Три четверти часа назад она вдруг вспомнила, что мамаша просила её сходить к галантерейщице, узнать, не появилась ли наконец в продаже туалетная вода с любимыми ею ароматами, и, если появилась — купить для неё пару флаконов. Мама не доверяла эту важную миссию горничной Любе, так как она вечно приносила не то, что нужно.

Владимир галантно предложил отвезти Елену в своём экипаже, а затем — немного прогуляться, пока папенька с маменькой не вернулись. Разумеется, в этом не было ничего странного — ведь они будущие близкие родственники — но, уже усаживаясь в коляску, Елена вдруг поняла, что ни разу не оставалась с ним так близко наедине. Владимир приказал кучеру трогаться, расположился рядом с Еленой. Она начала было что-то говорить; слушая её, Левашёв повернулся — так что она буквально почувствовала его дыхание на своей щеке… О Боже! Хорошо ли это с её стороны, находиться к нему так близко?
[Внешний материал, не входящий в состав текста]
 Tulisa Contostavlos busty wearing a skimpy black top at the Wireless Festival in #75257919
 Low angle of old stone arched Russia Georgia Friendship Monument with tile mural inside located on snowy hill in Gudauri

Ехать было всего пару улиц, Елене же и вовсе показалось, что прошёл лишь один миг — а экипаж уже затормозил перед дверями лавки. На выбор духов для маменьки ушло некоторое время, но она старалась ещё протянуть эти блаженные минуты: ведь она знала, что Владимир ждёт её снаружи, чтобы отвезти домой!

А когда Елена выходила на улицу, оказалось, что изменчивая петербургская погода приготовила им сюрприз: хлынул тёплый, но сильный летний дождь. Она замялась на ступеньках лавки; Владимир ринулся навстречу, лицо его осветилось улыбкой. Он сорвал с себя светло-серый фрак и накинул ей на плечи, чтобы уберечь от дождя… Весь обратный путь они молчали, но боковым зрением Елена видела, что граф Левашёв не отрывал от неё глаз. Что же это такое? Что с ним сегодня? Она тяготилась неловким молчанием, но не могла заставить себя заговорить.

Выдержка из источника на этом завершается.